Catalytic cracking of light olefins (C⁼₄/C⁼₅) can produce high value-added product C⁼₃, meanwhile achieve efficient utilization of C₄/C₅ resources, which has very important research significance and industrial application value. The main technical problem of catalytic cracking of C⁼₄ is how to obtain high selectivity of olefin products, especially the target product C⁼₃ and to reduce non-olefin by-products, and its core lies in the development of high-efficiency catalysts.

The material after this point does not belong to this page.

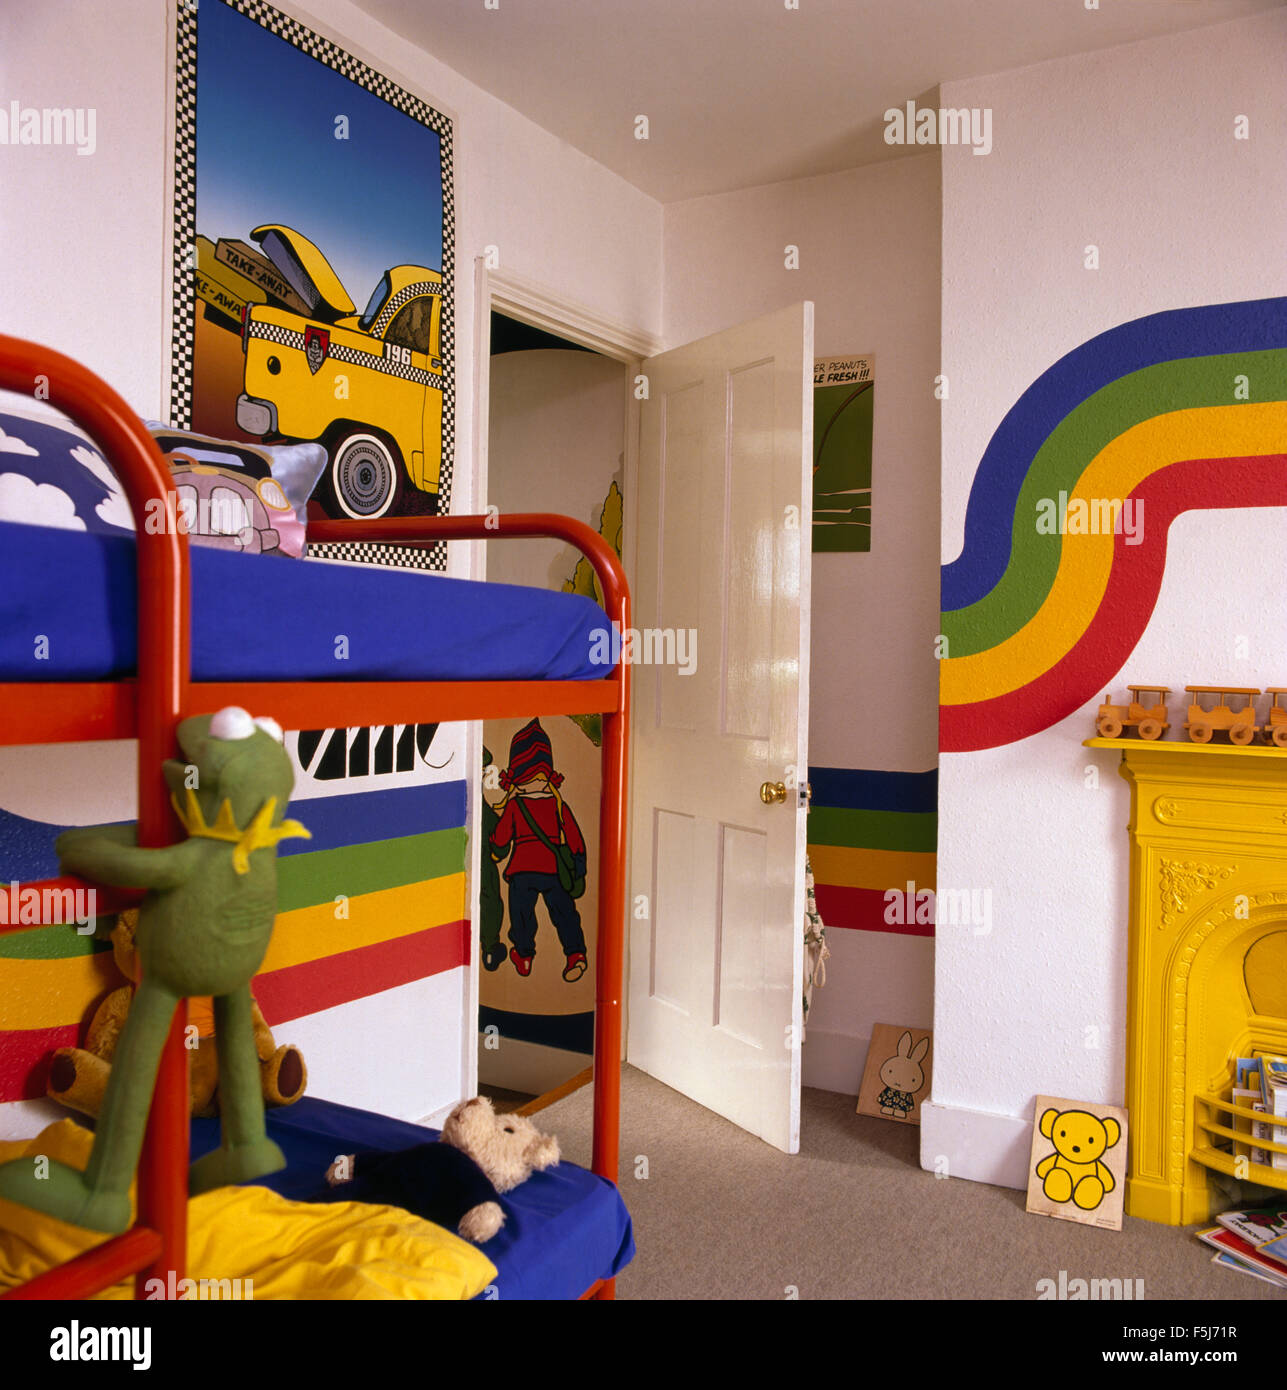 Rainbow stripes painted on walls of a children's colorful seventies bedroom with red metal bunk beds Stock Photo
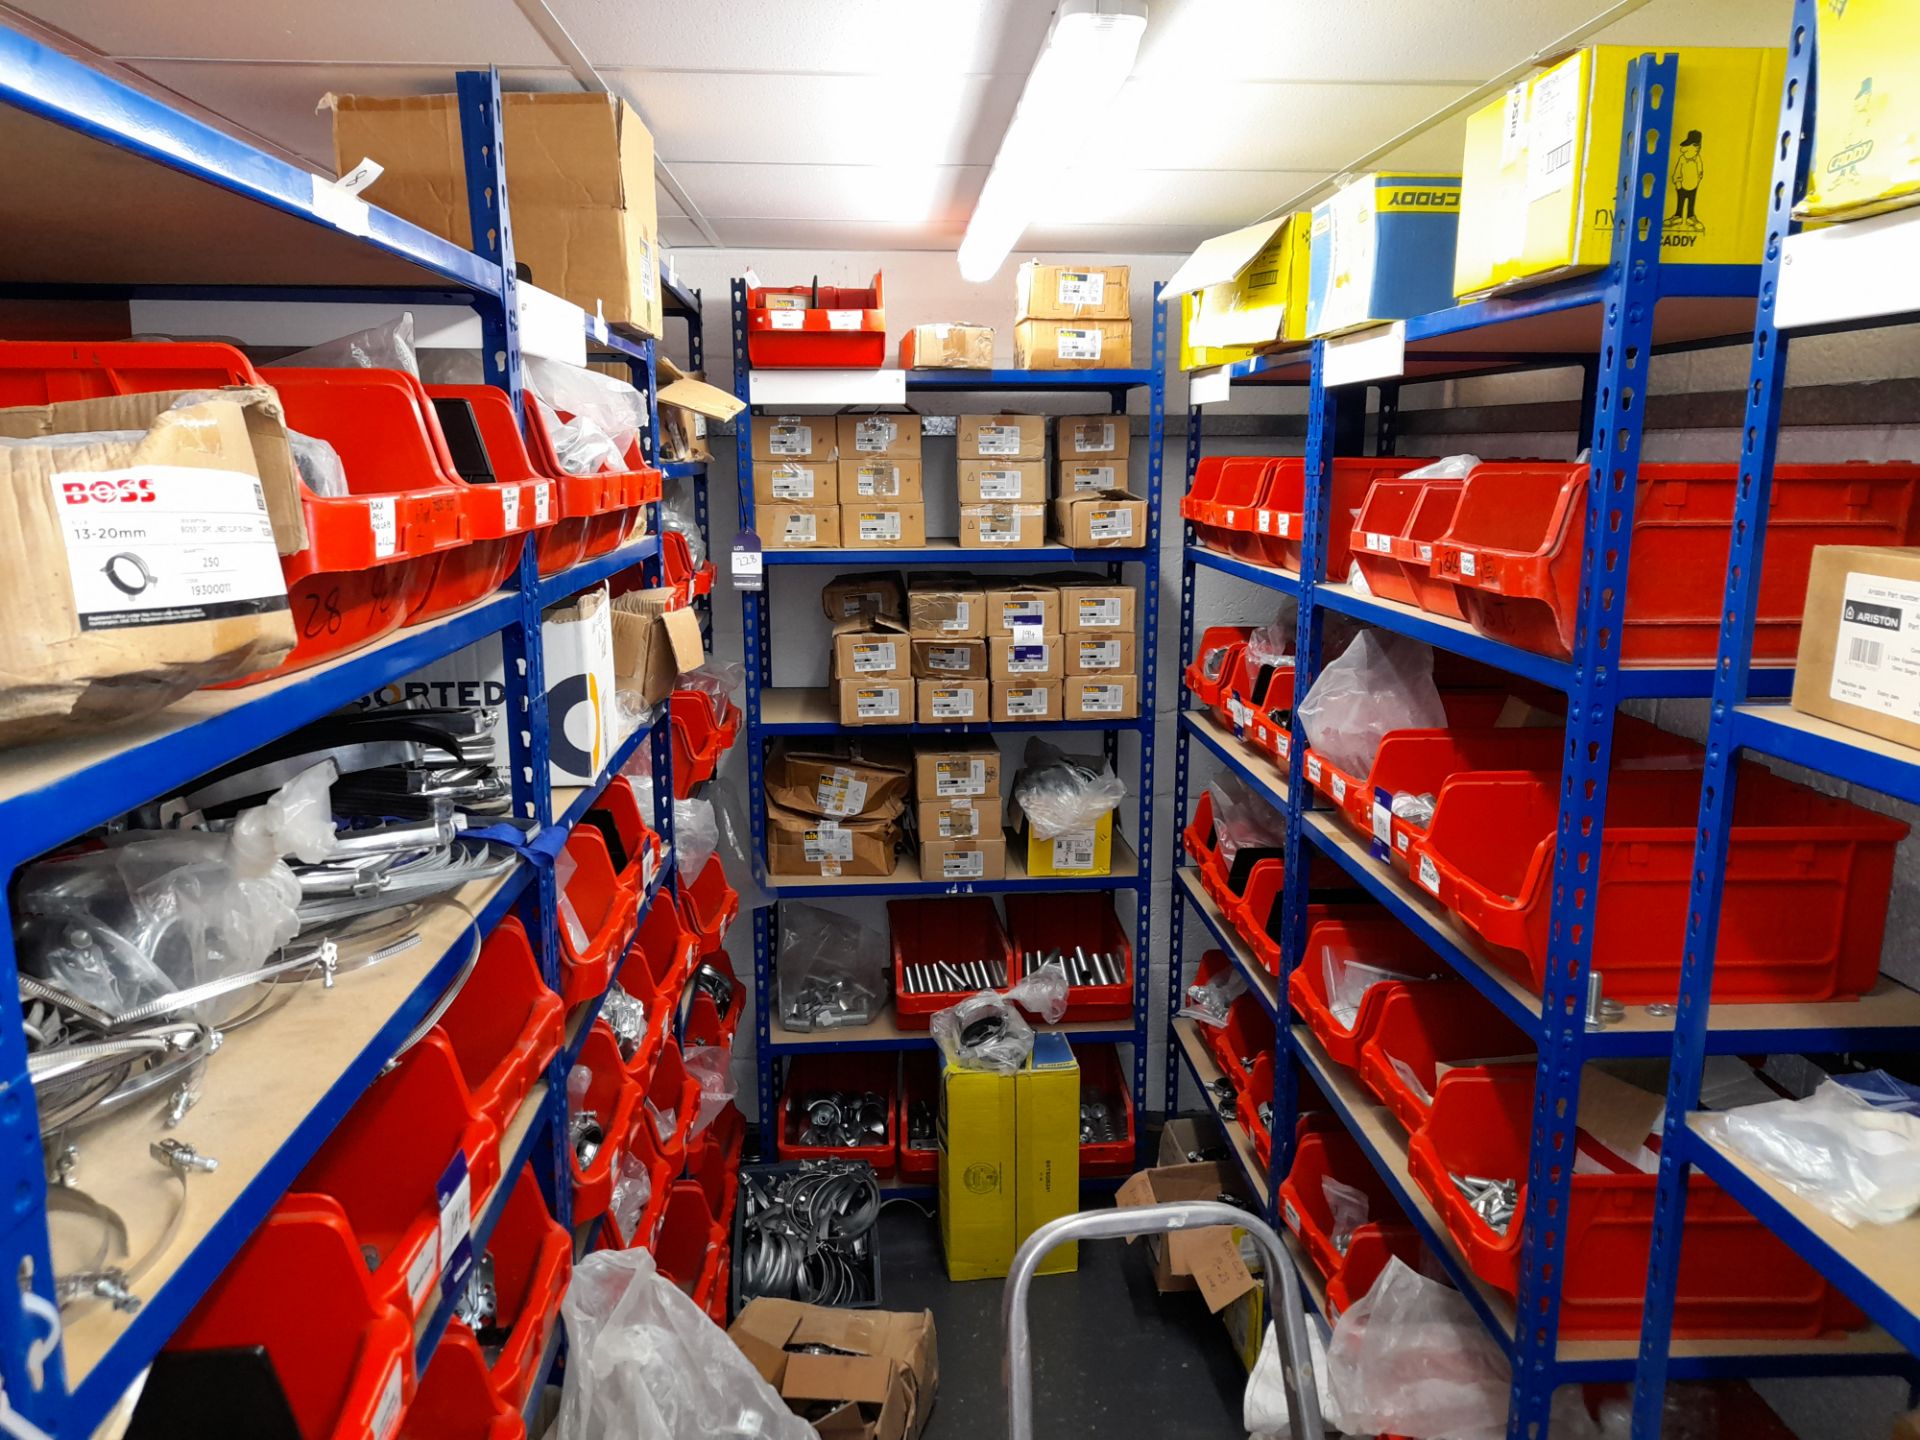 Large Quantity of stock to 13 bays, bolts, nuts, clamps, bracketry, fittings, washers, plastic

At present, the main industrial catalyst is modified ZSM-5. Titanium silicate molecular sieve TS-1 is a high-efficiency catalyst in the liquid phase ammoximation process of industrial cyclohexanone, which shows a typical Brønsted acid property after deactivation. Based on this, the deactivated TS-1 as an efficient catalyst for catalytic cracking of C⁼₄ to produce C⁼₃ was developed, and the result indicated that the deactivated TS-1 after acid treatment and potassium ion (K⁺) exchange could show the feature of high activity, high selectivity and high stability. Combined with nitric acid treating modification, K⁺ exchange experiment and the characterization techniques such as UV-Vis (UV-visible spectroscopy), FT-IR (Fourier transform infrared spectrometer) and NH₃-TPD (temperature-programmed desorption of ammonia), it was found that the catalytic cracking active center of deactivated TS-1 is Brønsted acidic silyl hydroxyl group (Si-OH(Ti)) adjacent to the titanium hydroxyl group. The structure of this Brønsted acid site is completely different from the skeleton bridge Brønsted acid site (Si-(OH)-Al) of ZSM-5, meanwhile shows relatively weak acid strength. The unique acid property of Si-OH(Ti) could promote the main reaction path of catalytic cracking of C⁼₄ to produce C⁼₃ and inhibit the side reaction path of hydrogen transfer reaction. The discovery and application of the special Brønsted acid center of the deactivated TS-1 waste catalyst can provide a new idea for resource utilization of solid waste resources of spent catalyst.